На мостике «Новороссийска» кто-то из офицеров неосторожно шевельнулся, и Суровцев, не оборачиваясь, дёрнул плечом — движение человека, который запоминает, кто именно присутствовал при его унижении. Мне стало его почти жаль. «Почти» — очень удобное слово, я держу его для таких случаев.
— Ваше высокопревосходительство, я настаиваю
Птолемей Граус посмотрел куда-то в сторону, за пределы кадра, и коротко кивнул кому-то невидимому — так, словно распорядился подать следующий документ. Потом вернул взгляд на Суровцева, и температура этого взгляда опустилась градусов на двадцать.
— Вице-адмирал. Я произнёс распоряжение один раз. Я не имею привычки произносить распоряжения дважды, но для вас сделал исключение, о котором уже жалею. Если мне придётся произнести его в третий раз, формулировка изменится. В новой формулировке будет фамилия командующего, но не ваша.
Вот теперь стало по-настоящему тихо. Даже вентиляция на «Афине», по-моему, притихла из солидарности.
— Исполняю, — сказал Суровцев.
Одно слово. Он выговорил его так, как выплёвывают зуб.
— Всем соединениям. Прекратить огонь. Отойти на исходные. Атаку — крошечная запинка, на которую я не стал бы обращать внимания, если бы не знал, сколько она стоит, — атаку прекратить.
Граус кивнул и исчез из эфира без прощания: политики уходят из разговора, как из бюджета Империи — сразу, как только статья себя исчерпала. А Суровцев остался. Он посмотрел на меня — впервые за весь разговор прямо на меня, и я увидел то, чего не видел за все более чем пятнадцать лет наших упражнений в остроумии. Не злость. Злость у него я коллекционировал давно и в ассортименте. Это была ненависть — аккуратная, разложенная по полочкам, упакованная на длительное хранение.
— Мы с тобой ещё не закончили, Александр Иванович, — сказал он негромко. — Я ещё встречусь с твоей Зиминой. И поквитаюсь. Отдельно.
— Буду ждать, Валериан Николаевич, — ответил я. — Внесу вас в календарь.

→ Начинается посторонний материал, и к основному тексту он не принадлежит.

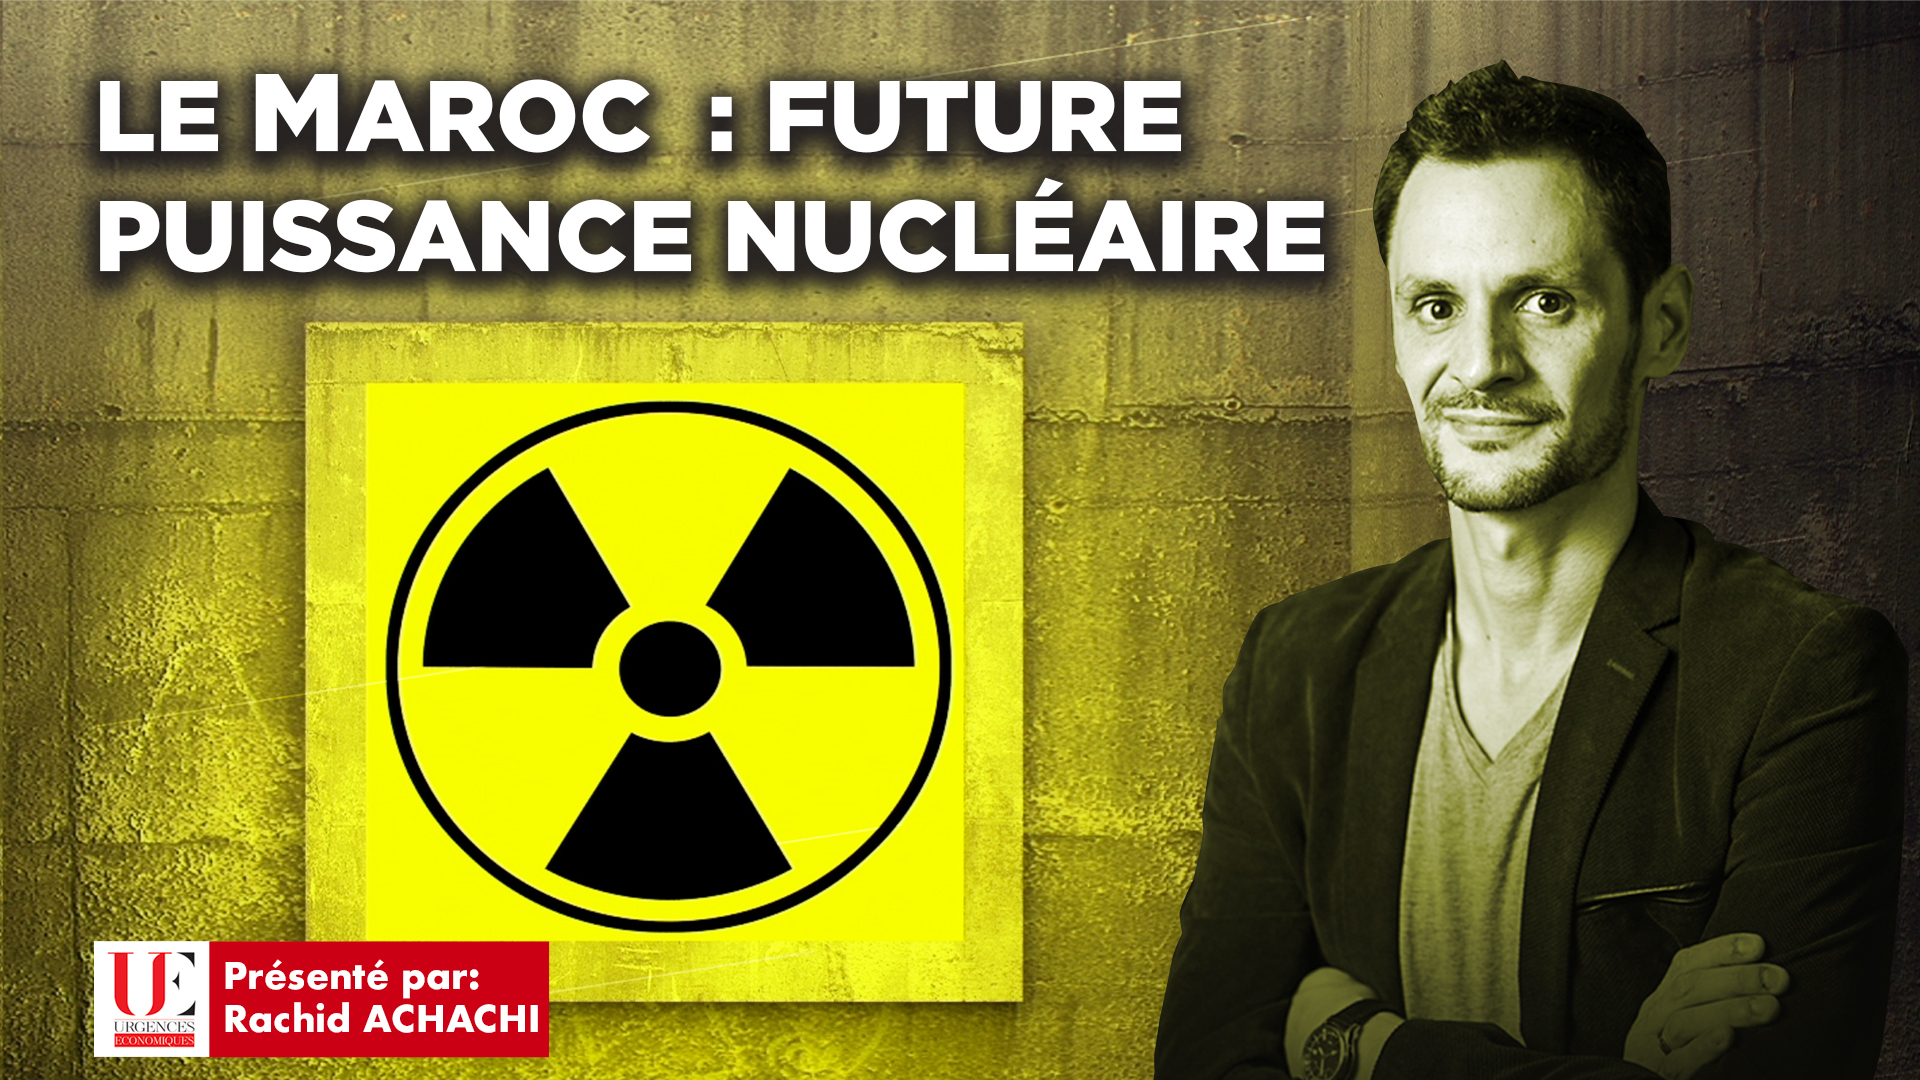 Le Maroc: Future puissance nucléaire (VIDEO)

Он отключился. Я откинулся в кресле и обнаружил, что у меня затекли пальцы — оказывается, всё это время я держался за подлокотники, как пассажир при жёсткой посадке.
Сражение на тактической карте уже погасло. Это красивое зрелище, если не думать о том, сколько оно стоило: росчерки ракетных траекторий обрывались, метки целей теряли захват, эскадра Сухомлинова, уже набравшая ход для удара по «каре» Хромцовой, начала тяжёлый, неохотный разворот. Каперанг второй раз за сутки получил приказ, избавляющий его от необходимости совершать подвиг, и что-то мне подсказывало, что второй раз он выполнит его быстрее первого.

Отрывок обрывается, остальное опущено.